Allocution de Mme Moubayed Bissat:

Allocution de Mme Lamia Moubayed Bissat

Cérémonie de Remise des Insignes de la Légion d’Honneur

Résidence des Pins, le vendredi 7 Avril 2017

Oser l’Etat

 

Ouverture

Ce soir, mon émotion est grande et vous m’en excuserez.

Etre accueillie par vous, Monsieur l’Ambassadeur, Cher Emmanuel, en présence de ma famille et vous tous, Excellences, mesdames et messieurs, dans l’ordre de la légion d’honneur, fait chaud au cœur, mais invite également à rester humble devant une telle distinction.

Peut-être en tendant bien l’oreille, percevez-vous déjà les battements du cœur de ma mère, de mon époux et de mes enfants, ici présents, et bien sûr les miens.Je pense aussi, à cet instant, avec émotion  à ceux qui nous ont quittés.

Mais, ce soir, chers amis, nous ne célébrons pas une personne, nous célébrons une histoire commune à laquelle vous avez tous contribué.Ce soir l’hommage est au travail remarquable que réalise l’Institut des Finances Basil Fuleihan depuis maintenant plus de 20 ans.

Cette distinction confirme le soutien de la France à sa vocation et  à son ambition, qui est de devenir une grande école de gouvernance qui rayonne dans cette région.

Hommage à vous, mes chers compagnons, l’équipe très féminine de l’Institut et ses « gentlemen ». Nous formons, depuis maintenant vingt ans, une équipe soudée par des convictions et des valeurs communes, qu’elle transforme en action. Je souhaite, ce soir, vous déclarer toute mon admiration. Sans vous, sans votre force, sans votre passion, je ne serais pas là où je suis aujourd’hui.

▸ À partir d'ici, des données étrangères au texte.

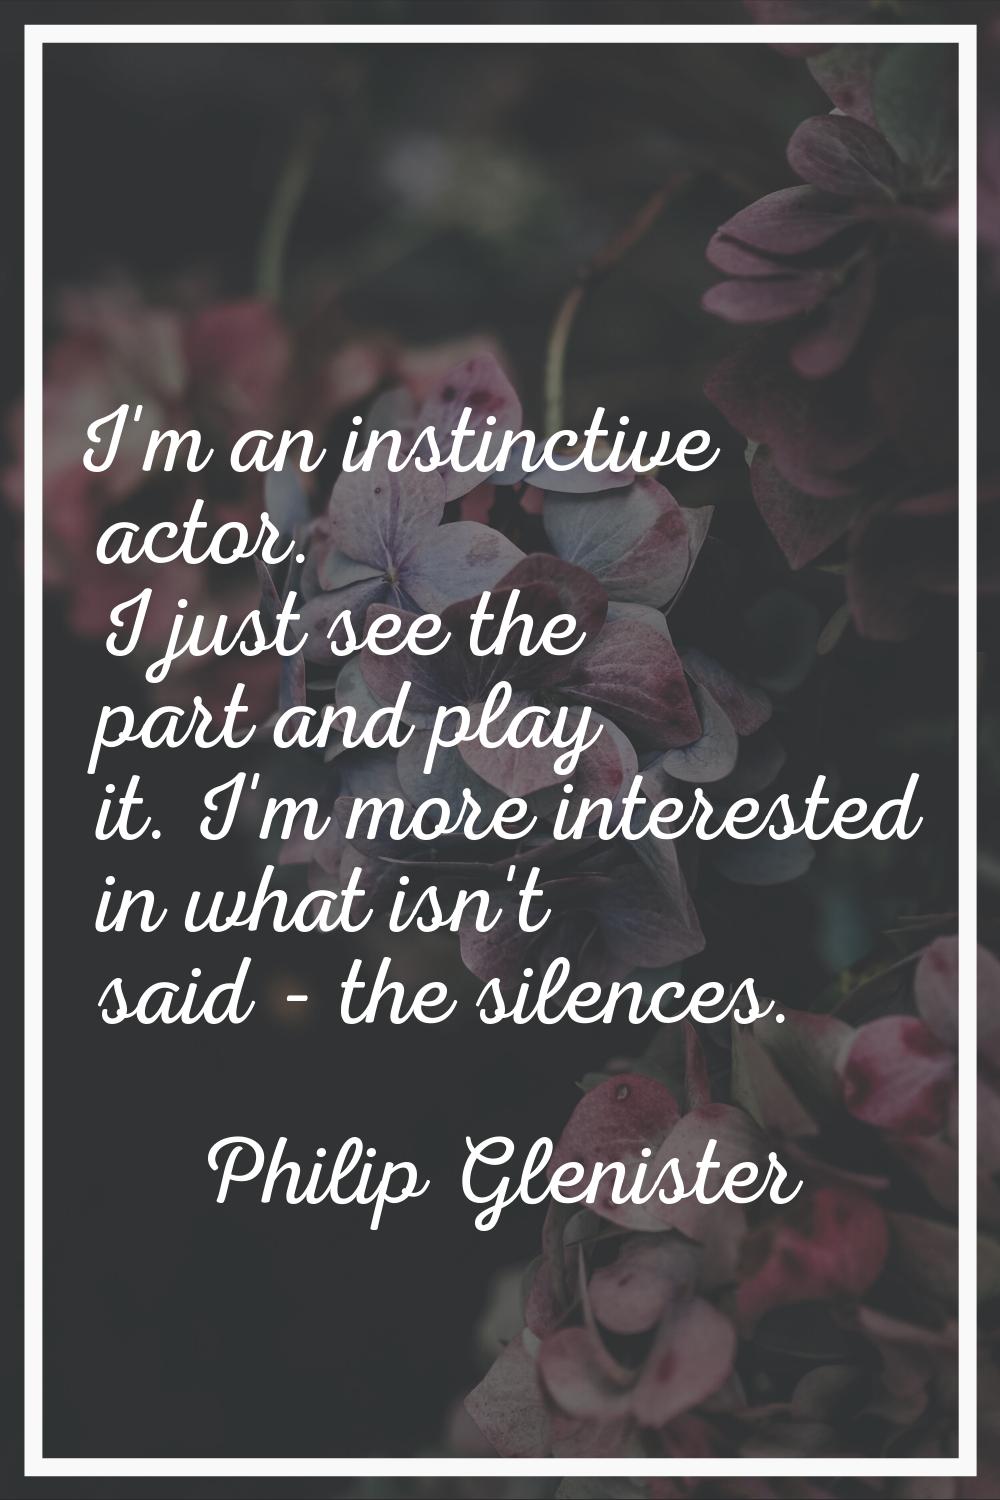 I'm an instinctive actor. I just see the part and play it. I'm more interested in what isn't said -

Hommage à vous, Monsieur le Ministre Georges Corm. Vous qui m’avez confié cette responsabilité, malgré mon jeune âge (c’était il y a longtemps). J’espère que vous ne le regrettez pas.

Monsieur le Premier Ministre Fouad Siniora, père fondateur de cette grande Institution, vous m’avez soutenue sans réserve. A vous, j’adresse mes hommages les plus respectueux.

Ma reconnaissance la plus sincère va également aux ministres des Finances successifs, et au ministre actuel, Monsieur Ali Hassan Khalil.

Grâce à votre soutien, Messieurs les ministres, l’Institut jouit d’une notoriété affirmée ; un gage de sérieux pour les partenaires internationaux dont je salue la présence ce soir.

Bilan Personnel

Ce matin, en interrogeant Google, au sujet de la date de cette cérémonie du 7 avril – le numéro 7 en Arabe est signe de gloire –J’ai découvert, qu’elle coïncidait avec le 17e jour du 7e mois du calendrier révolutionnaire français.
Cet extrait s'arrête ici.